From 1997 to April 2000, the CTNBio authorised nearly 800 releases of transgenic plants, on a total area of approximately 800 hectares. Monsanto and its other Brazilian branches accounted for 90% of this area. The transgenic species released for field trials until April 2000 were: cotton, rice, potatoes, sugar cane, eucalyptus, tobacco, papaya, corn and soybeans. Corn stands out as the species with the largest number of authorisations and covered the largest cultivated area (approximately 400 ha.), followed by soybeans (280 ha.) and cotton (nearly 80 ha.). All other crops were planted on less than 10 ha. each. As for the traits incorporated into these crops, over 50% of the trials were done with herbicide-resistant plants.

37% of the trials were carried out in the Southern Region, 34% in the Southeast and 27% in the Central West. The Northern and North-eastern regions of Brazil accounted for less than 2% of all trials done with transgenic crops.

During the Rio de Janeiro UNCED Summit in 1992, Brazil signed the Convention on Biological Diversity (CBD), whose entry into force in 1993 gave biodiversity a new international status. A national law on Access to Genetic Resources would create a legal framework for compliance with one of the CBD's basic objectives, namely the fair and equitable sharing of benefits arising from the use of genetic resources, including monetary compensation, transfer of relevant technologies and satisfaction of both national and local-community rights over these resources.

A total of four bills (two of which are of major importance) were presented in the National Congress between 1995 and 1998, aimed at creating a law to govern access to genetic resources, as well as to the products thereof.

The first of these (Bill Number 306/95) was presented in the Senate in November 1995, by Senator Marina Silva, from the State of Acre, in Brazil's Amazon region. The Senate's standing committee on Social Affairs (the CAS), responsible for its discussion and revision, held a series of public hearings in the cities of São Paulo, Manaus and Brasília in 1996 to gather opinions and suggestions from as many sectors as possible that would be affected by its approval. These sectors included agriculture, industry, universities, research centres, local and indigenous communities and non-governmental organisations. Late in 1996, the CAS, the Ministry of the Environment and several NGOs also held a major workshop in Brasília specifically to discuss this legislative proposal. One executive-branch agency, its official health research institute (Fundação Oswaldo Cruz), also organised discussions to reflect on how the law should deal with access to human genetic resources.

Yet the government as a whole preferred to develop its own counter-proposal to Senator Silva's bill, which was finally presented to the lower house of Congress, the Chamber of Deputies, in mid-1998, shortly before the Senate approved its own final version of the original 1995 bill.

The Executive's bill (Number 4751/98), rather than regulating "genetic resources," proposed to legislate on access to the country's "genetic assets,"²⁵ which are not defined as genetic or molecular material but rather as genetic "information". Both the Senate's and the Executive's version of this bill have been under examination in the Chamber of Deputies by a temporary Special Commission created in the beginning of the year 2000.

Both bills highlight the principles of national sovereignty and the inalienability of rights over the country's biodiversity and genetic resources; the rights of local and indigenous communities regarding access in their areas; national participation in economic and social benefits arising from access, particularly the remuneration of local and indigenous communities; and the protection and stimulation of cultural diversity.
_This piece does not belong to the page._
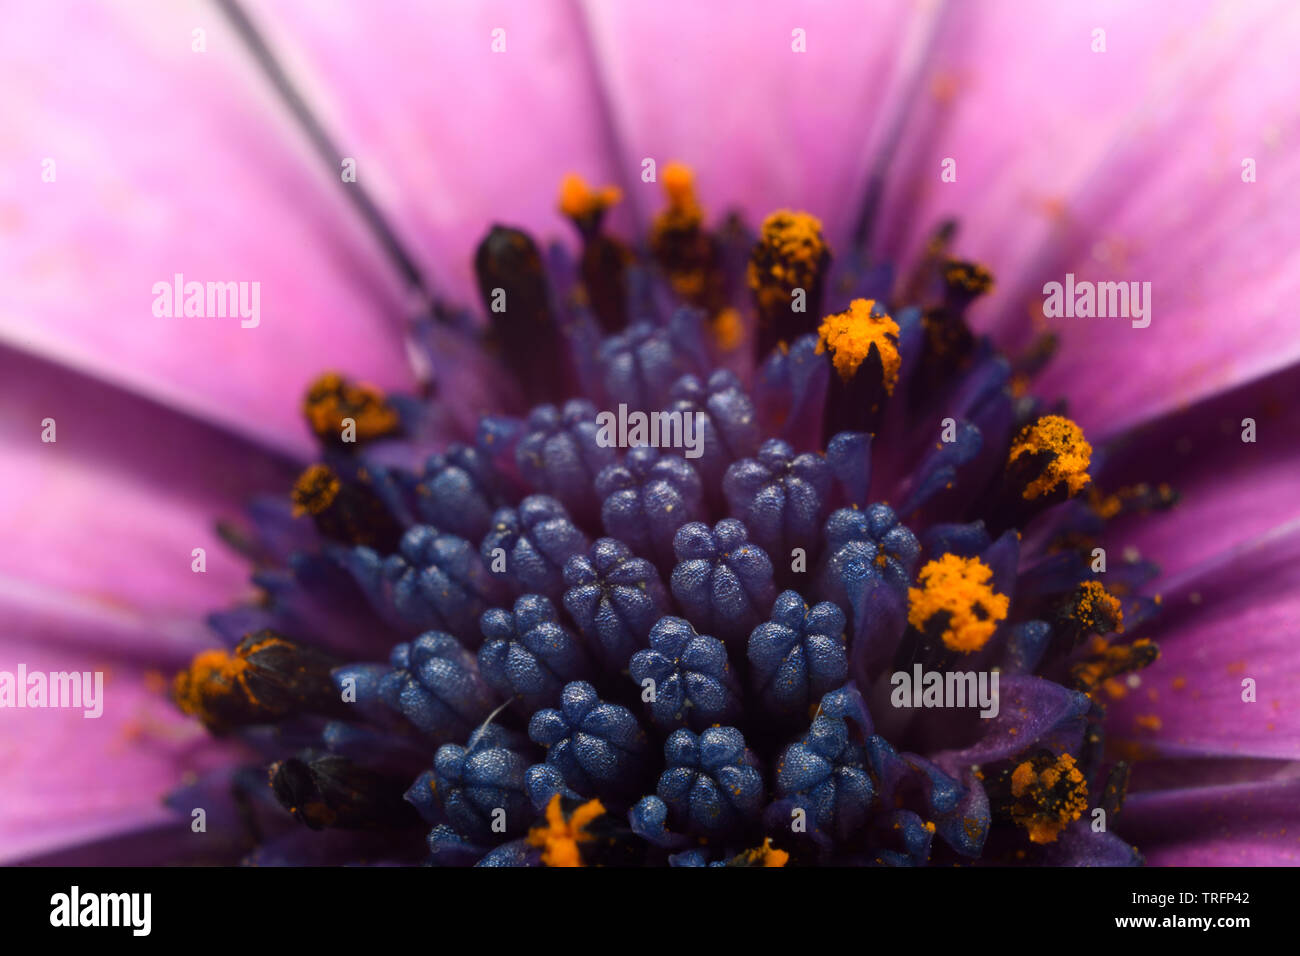 Extreme close up of the blue disk florets opening to release yellow pollen in a pink African Daisy Stock Photo

Both bills also exclude the free exchange of seeds and other genetic resources among local communities from the formality of access procedures, and provide that separate legislation should, at some future date, deal with access to human genetic resources.

On June 30, 2000, however, this five-year legislative process was interrupted when the government issued an executive "Provisional Measure" (Number 2.052), largely based on the executive's own 1998 bill. As Brazil's modern-day equivalent to a decree, this Provisional Measure is in fact now in force, although it can still be modified by Congress. The government withdrew its 1998 bill from Congress and a new Joint Special Commission of both houses was created to deliberate only on the new Provisional Measure, although in September 2000 it had not yet held its first meeting.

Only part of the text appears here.